Since you do not know the industry, I would suggest that you attend a class on screenprinting and then attend a trade show to look at the quality of DTG output and time constraints. Don't listen to a salesperson, actually look at the time it takes to print one DTG print as compared to the screenprinted item.

Now here is the rub. We each only have 24 hours in a day. Perhaps we only work 7 hours a day, and with all the bookkeeping, sales, marketing and other duties of running a business we might be lucky to get in 5 hours of good work a day.
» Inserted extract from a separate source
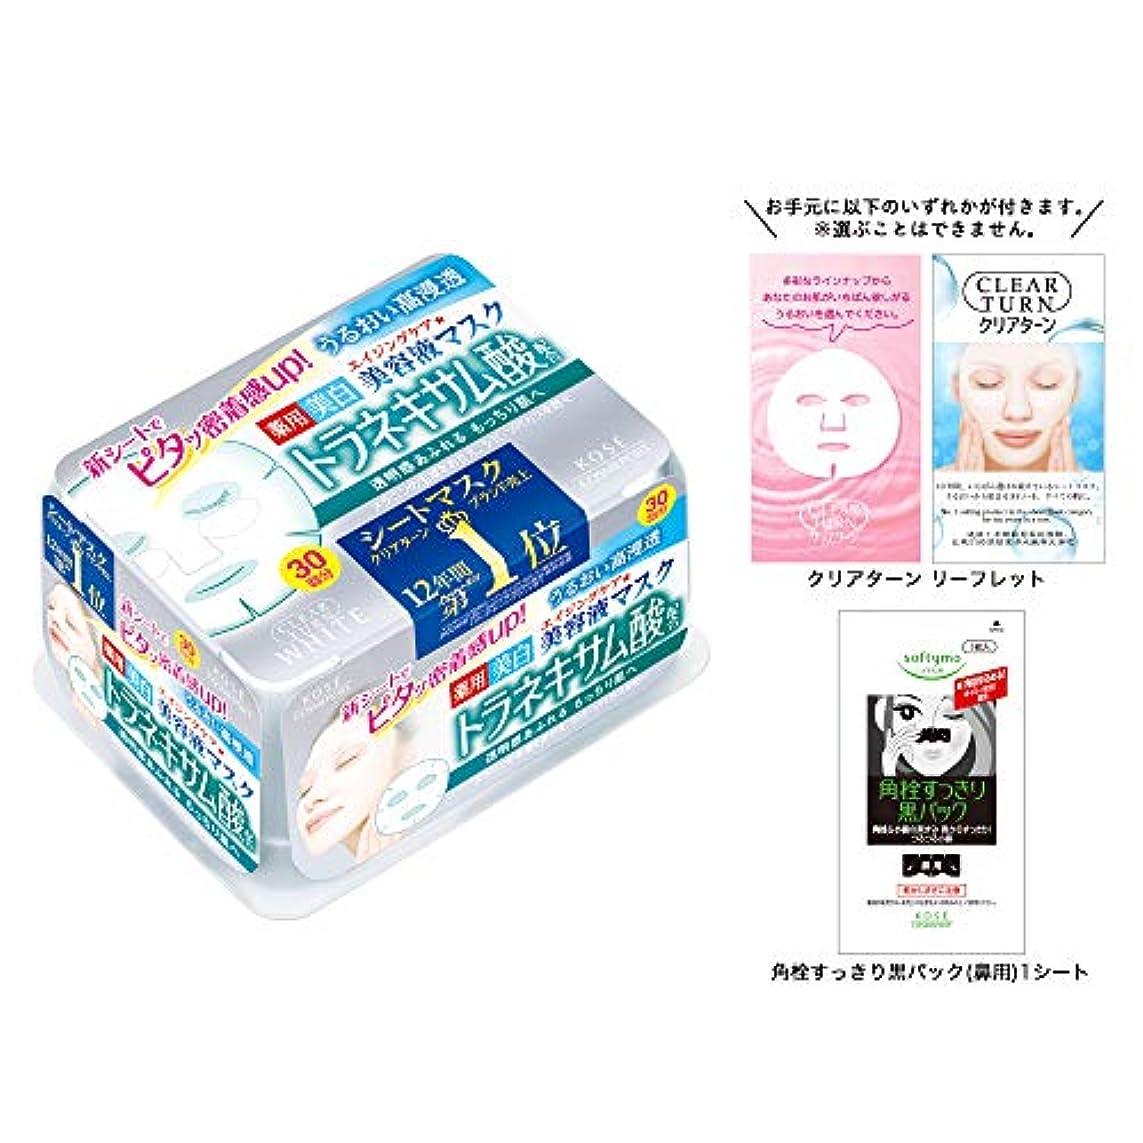 聡明最高楽観的【Amazon.co.jp限定】KOSE コーセー クリアターン エッセンス マスク (トラネキサム酸) 30枚 おまけ付 フェイスマスク (医薬部外品)
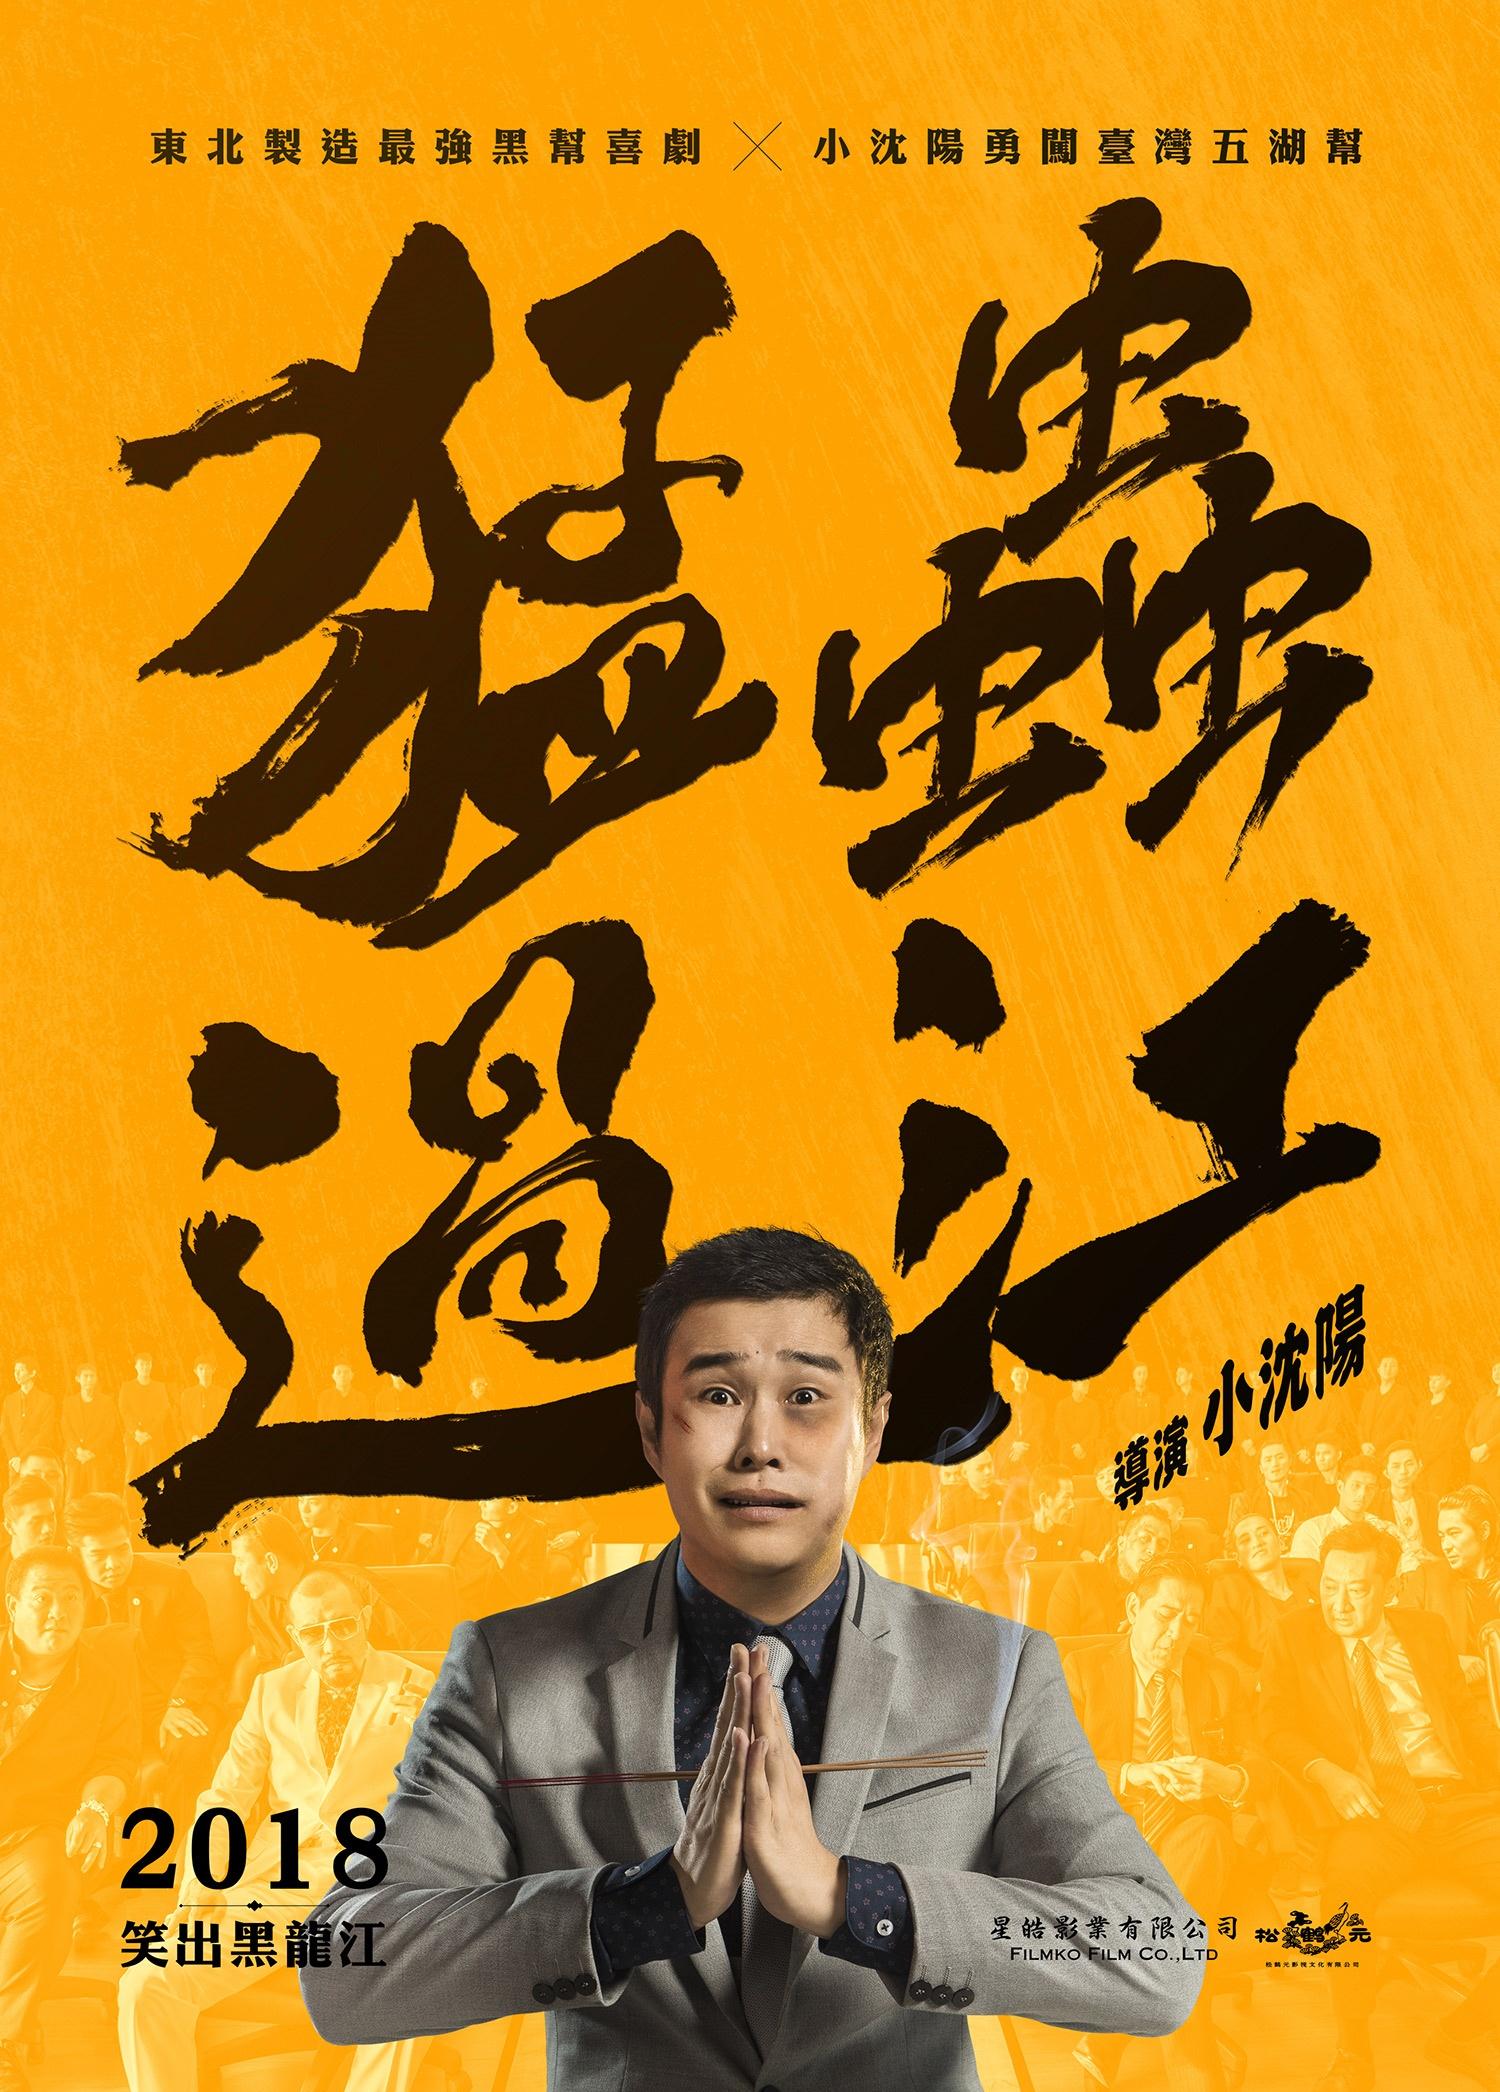 《猛虫过江》定档暑期 小沈阳导演处女作笑出东北

You have to ask yourself, even if you had the customers for both markets, "How much potential is there in either operation?"

In screenprinting you can print 350 shirts an hour on a low end machine and up to 1200 shirts on a high end machine. If you are really broke and can only afford a manual machine, you can still print over 100 shirts in an hour (less if they are multicolor).

You have to look at the return on your investment in any process. If you buy into a process that has limitations, i.e. the DTG is "great" for small runs, you will find yourself looking much harder for that limited market than say a screenprinting shop where you can satisfy both the small runs and large runs.

A young girl came to my shop to get one shirt. We screenprinted it for her and she was quite happy to pay the $65 charge as it was a 'special' shirt to her. A week later she came back with the youth minister of her church and they order 3,000 shirts. I could have sold her the one shirt if I were doing DTG, but would have not been able to do the 3,000 shirt order. This has happened quite a bit during the past 50 years that I have been printing textile items. 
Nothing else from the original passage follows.